- Born: Vladimir Aleksandrovich Barykin Владимир Александрович Барыкин 22 November 1879 Oryol Governorate
- Died: 15 April 1939 (aged 59)
- Occupations: microbiologist and epidemiologist

= Vladimir Barykin =

Vladimir Aleksandrovich Barykin (Владимир Александрович Барыкин; 22 November 1879 — 15 April 1939) was a Russian microbiologist and epidemiologist.

== Biography ==
Vladimir Aleksandrovich Barykin was born on 22 November 1879 in Oryol Governorate. He graduated from the Kazan Imperial University in 1900.

During the years 1901 to 1904, he worked as a doctor in the Kazan Governorate. From 1904 to 1905, during the Russo-Japanese War, he served in Manchuria as a physician-therapist in the Siberian military-sanitary train of Princess Zinaida Yusupova. From 1905 to 1908, Barykin was the head of the Staro-Harbinskaya bacteriological laboratory at the Chinese Eastern Railway and fought outbreaks of plague.

From 1908 to 1915, he worked at Kazan University. In 1912, he trained at the Nesterov Institute under the guidance of Ilya Mechnikov and Jules Bordet. From 1915 to 1922, he was a professor of microbiology at Rostov University. In 1921, he founded the Institute of Microbiology in Moscow and became its head. At the same time, he was the head of the Department of Microbiology of the First Moscow Medical University.
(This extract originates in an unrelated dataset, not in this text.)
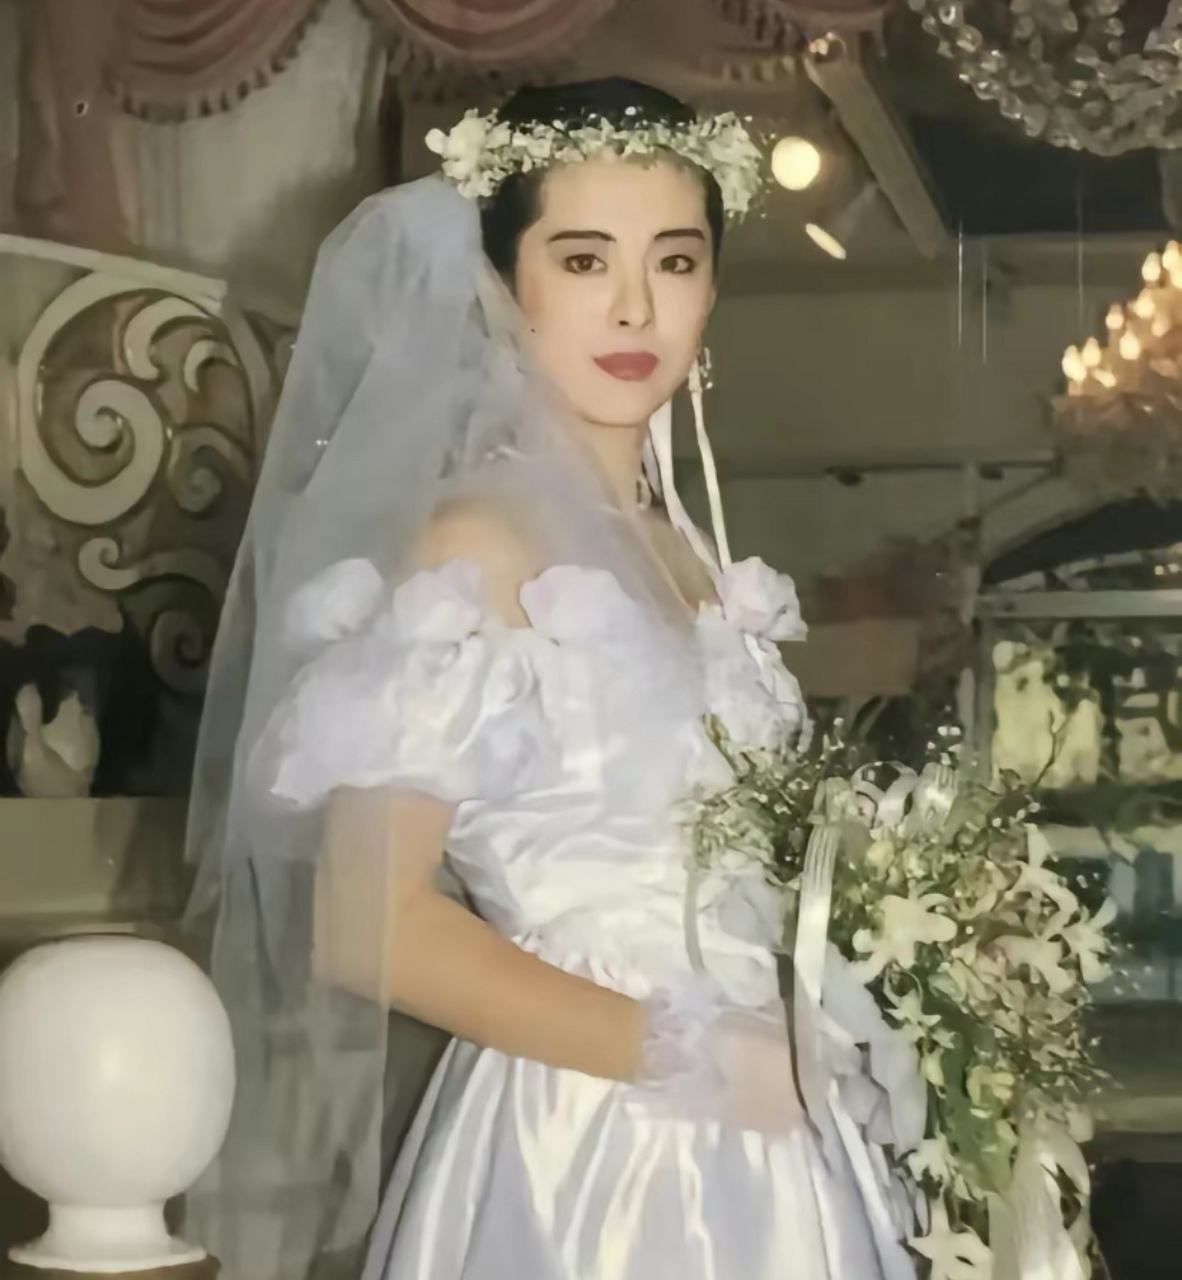 王祖贤婚纱造型,确实很灵动,头上戴花环很森系,眉目如画,那个年代的

He held these positions until 1931.

From 1932 to 1933, he was the scientific guide of the Kiev Bacteriological Institute and the head of the Department of microbiology of the Kiev Medical Institute. From 1933 to 1938, he held the post of scientific guide of the Central Institute of Epidemiology and was the head of the Department of Epidemiology of the Central Institute for Advanced Training of Physicians.

He was arrested in 1938 on charges of espionage. On 14 April 1939, he was sentenced to capital punishment and was executed the next day (according to other information, he died in a labour camp in 1942).

== Family ==
As of 1917, Barykin was married and had a son born in 1902.

He was later married to Z. M. Shakhmalieva-Barykina, a research fellow at the Central Institute of Epidemiology and Microbiology.

== Awards ==

- Order of Saint Stanislaus, 3rd class (18 June [1 July] 1916), for his leadership of the bacteriological detachment.

- Honored Scientist of the RSFSR (1937).